With rapid advances in VLSI technology, Field Programmable Gate Arrays (FPGAs) are receiving the attention of the Parallel and High Performance Computing community. In this paper, we propose a highly parallel FPGA design for the Floyd-Warshall algorithm to solve the allpairs shortest-paths problem in a directed graph. Our work is motivated by a computationally intensive bio-informatics application that employs this algorithm. The design we propose makes efficient and maximal utilization of the large amount of resources available on an FPGA to maximize parallelism in the presence of significant data dependences. Experimental results from a working FPGA implementation on the Cray XD1 show a speedup of 22 over execution on the XD1's processor.

## 1 Introduction

Field Programmable Gate Arrays (FPGAs) have long been used in embedded image and signal processing applications.

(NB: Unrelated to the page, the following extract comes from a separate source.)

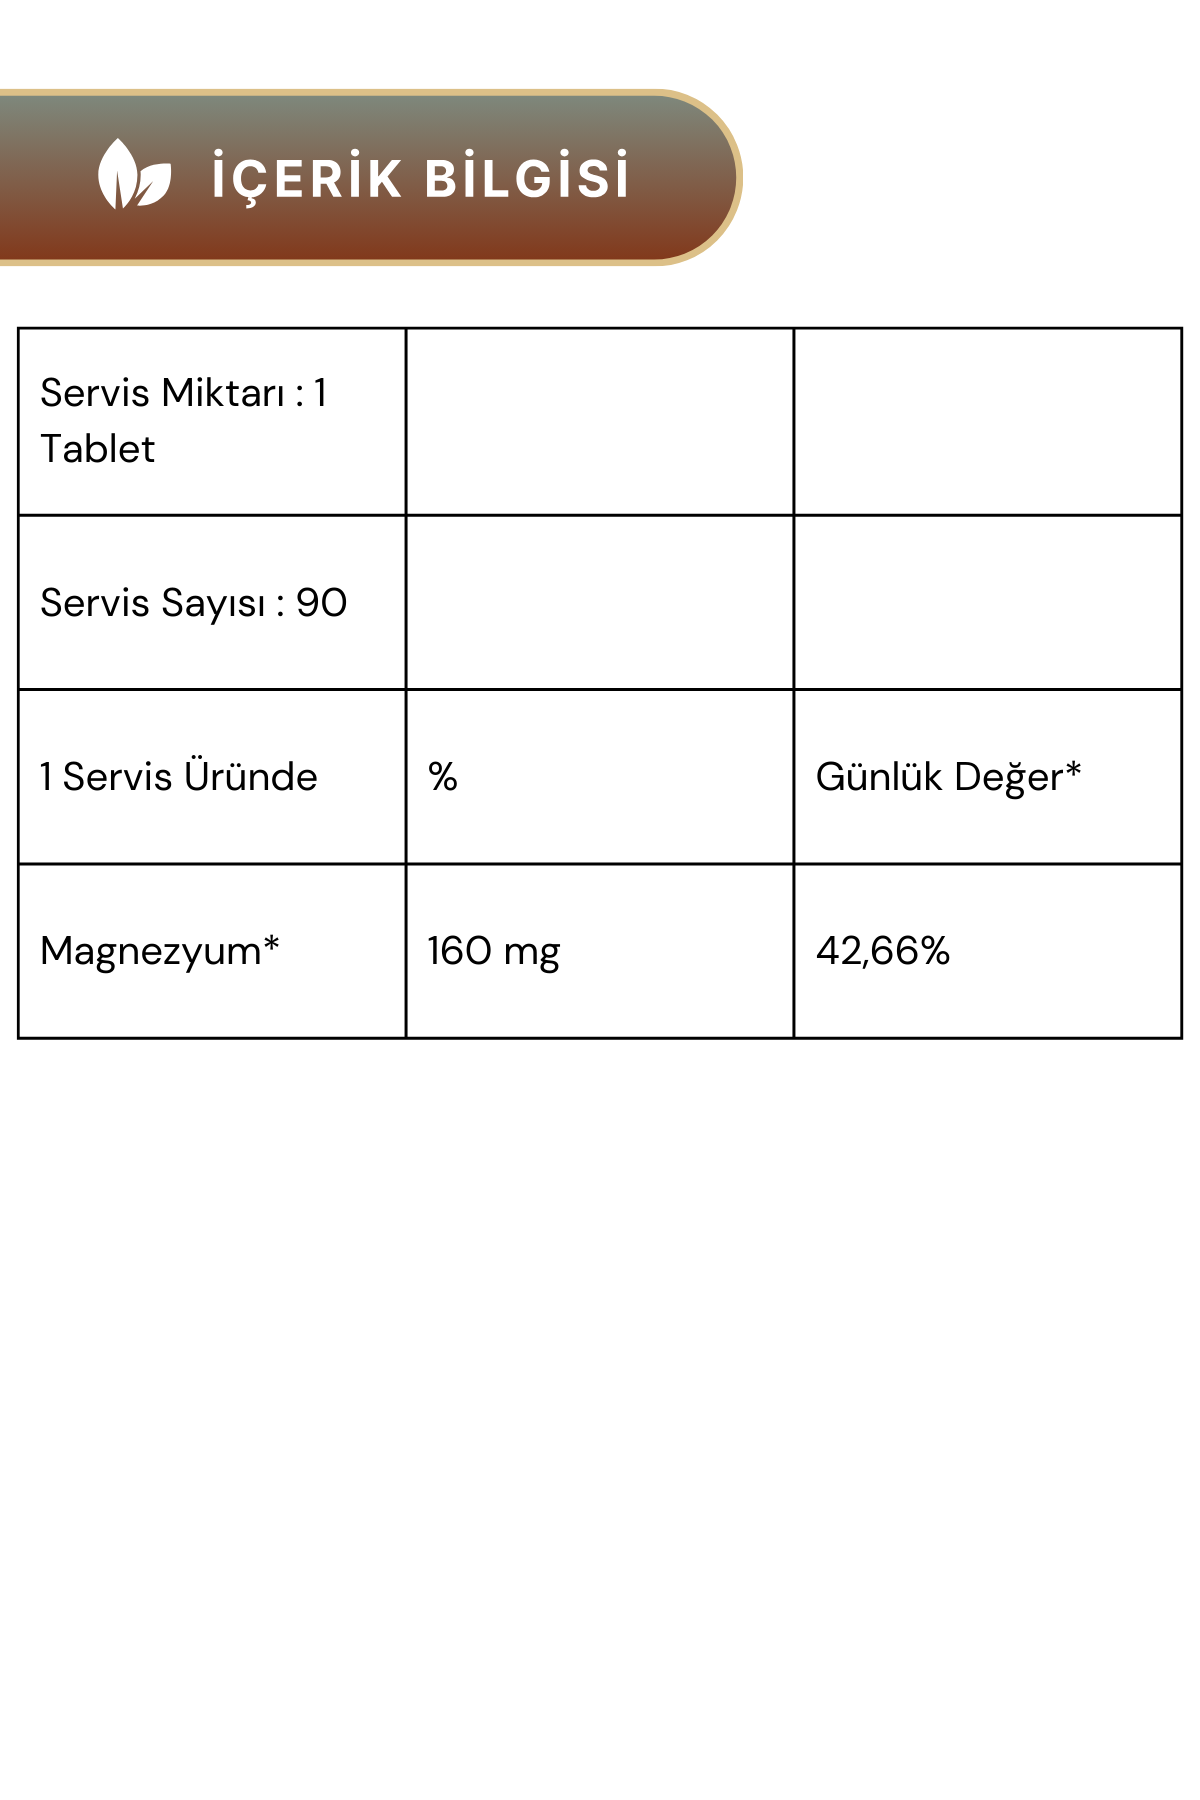 VeNatura Magnezyum Bisglisinat 160 mg 30 Kapsül 3'lü Paket
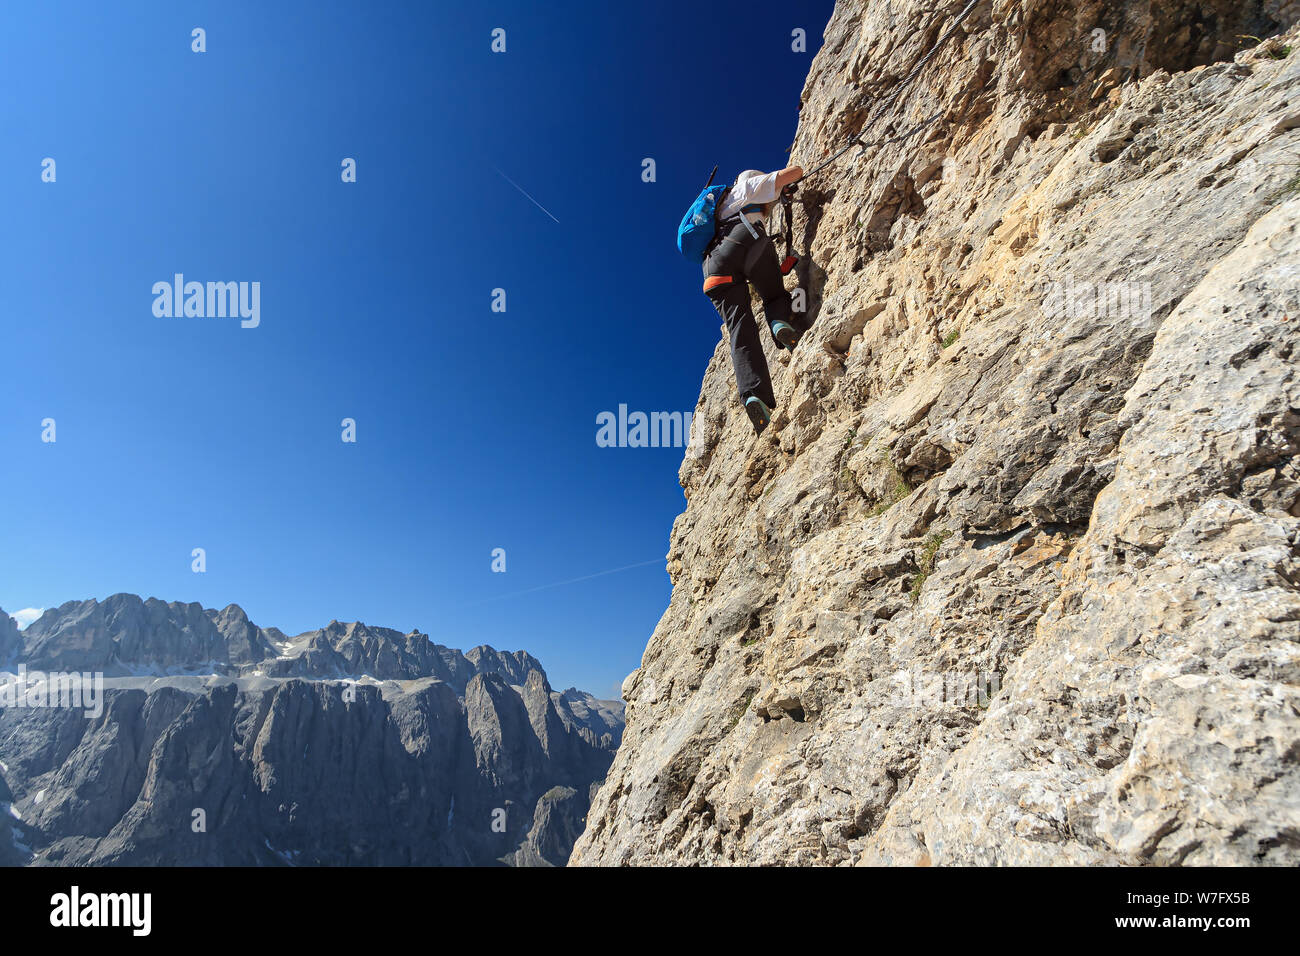 Dolomiti - Female climber on Cir V Via Ferrata, Gardena Pass, Italy Stock Photo

With rapid advances in modern VLSI technology, FPGAs are becoming increasingly attractive to a much wider audience, in particular, to the High Performance Computing community. Modern FPGAs have abundant resources in the form of tens of thousands of Configurable Logic Blocks (CLBs), a large amount of on-chip memory, and growing numbers of other special-purpose resources. High bandwidth to off-chip memory is sustained

through parallel memory access using the large number of I/O pins available on an FPGA. These factors allow FP-GAs to exploit a large amount of parallelism and effectively reuse data. Reconfigurability allows very efficient use of available resources tailored to the needs of an application. This makes it possible for custom-designed parallel FPGA implementations to achieve significant speedup over modern general-purpose processors for many long-running routines. This increase in performance has led to the application of FPGAs in HPC systems. Cray and SRC Computers already offer FPGA-based high-performance computer systems [3, 10] that couple general-purpose processors with reconfigurable application accelerators.

In this paper, we leverage the benefits of FPGAs for the Floyd-Warshall (FW) algorithm used to solve the all-pairs shortest-paths problem in a directed graph. The all-pairs shortest-paths problem is to find a shortest path between each pair of vertices in a weighted directed graph. We were particularly motivated with accelerating a long-running bio-informatics code that employs FW [8, 5].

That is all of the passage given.